Mom and Me at my MFA graduation, 2006















On what authority do you leave
this world? This is not my first
experience of death, but a rectangular frame
for my entire life. I cannot
flourish without song, burning
wildly. I weep and I wait.
The precipice that placed you in this
world and me in this afterlife
eases through a vein, while
a sparrow sings in his striped
garment, full of early light.
Different than the owl,
cloaked in a suit of darkness,
green and brown, surprised
for the love of one person.
Both witness loss of breath.
Having borne me, you did not
leave the past behind—
you delved into family history,
discovered cousins, cozied
their feathers in your house.
It rained the first Passover
after Dad died, and I stormed out,
walked the well-knit paths
leading me from one area
to the next. We could not
agree on the niceties—oven temp,
amounts of food—almost like mourning
except we did not talk about
if Dad were still here. And now,
approaching Passover after your death,
I have no one to disagree with,
no one to stand over me
tell me to serve more soup,
clear the bowls,
serve the chicken.
The last fires will eventually
bow, but for now I cannot
raise my arms, numb.
And seeing “Swan Lake,”
music of my childhood, intimate as
your warm generous arms
and dark eyes. On stage
Hungarian costumes dance to
a whimsical beat, and the swans
identical white-clad,
mirrored and multiplied,
move in patterns,
then arms and legs
lay one over the other, long thin ends
at rest.

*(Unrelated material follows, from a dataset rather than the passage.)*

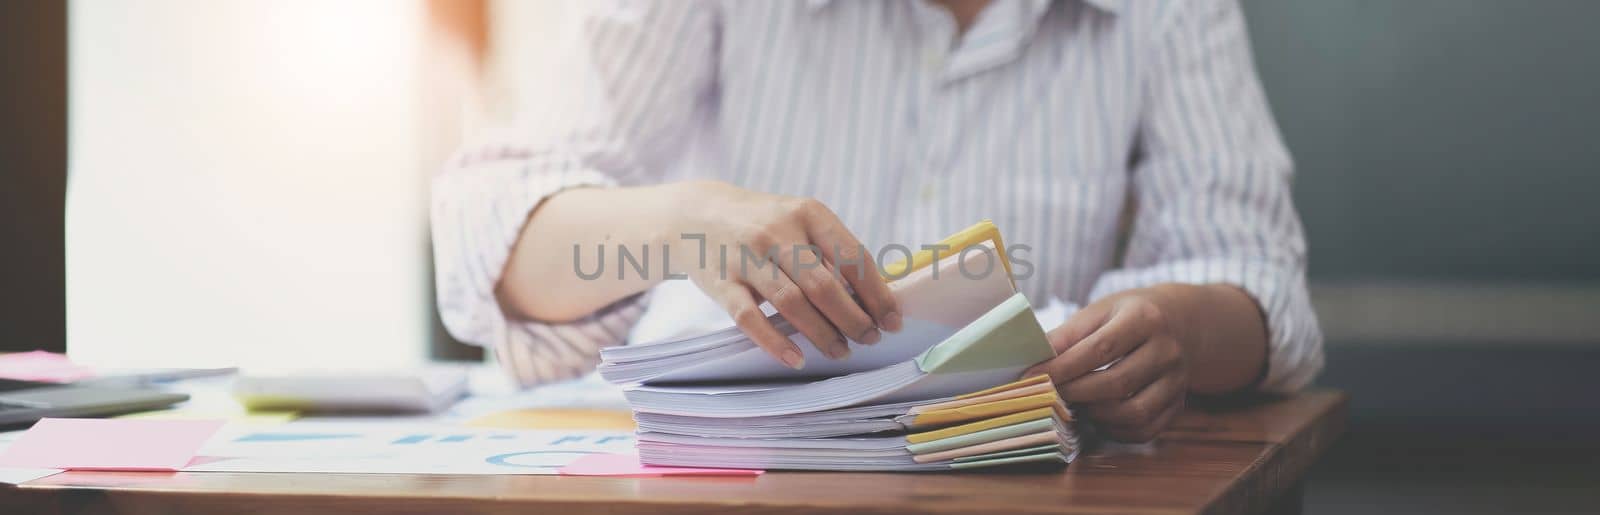 Business Documents, Auditor businesswoman checking searching document legal prepare paperwork or report for analysis TAX time,accountant Documents data contract partner deal in workplace office.

With each tune, I return
to what placed me in this world,
what birthed me and sustained me.
No, there is no easing
through, no light—
only dusk. And pointed toes
carry the swans,
floating above the stage,
feathered white hair-pieces snugly in place,
white tutus flowing as
they mourn being turned from humans,

their lives permanently changed.

Branches Reaching

England, 1955




















Ushers wearing white gowns part before the round stage,
brightly lit, ready for take off
glowing like a white snail on the trail of Mount Tam,
curved black line opening out against pearl.
Ravi Shankar sits in the center, Sitar resonating,
waves of sound a hand motioning.
Internal orange, oak tree branches, a brain
making a turn and then another, and
then follow with inner eye, elbows, then
cauliflower leaves emerging.

My mother is examined by Dr. Ravishankar
a woman in her early thirties
who speaks loudly
says you won’t be able to live alone
people have to watch her.
My mother hasn’t slept in two days
since found on her bathroom floor
incoherent, left side bruised
and flacid. And now, like a smudge on a mirror
she is seen as an old woman
the tree with its many branches
reaching incrementally.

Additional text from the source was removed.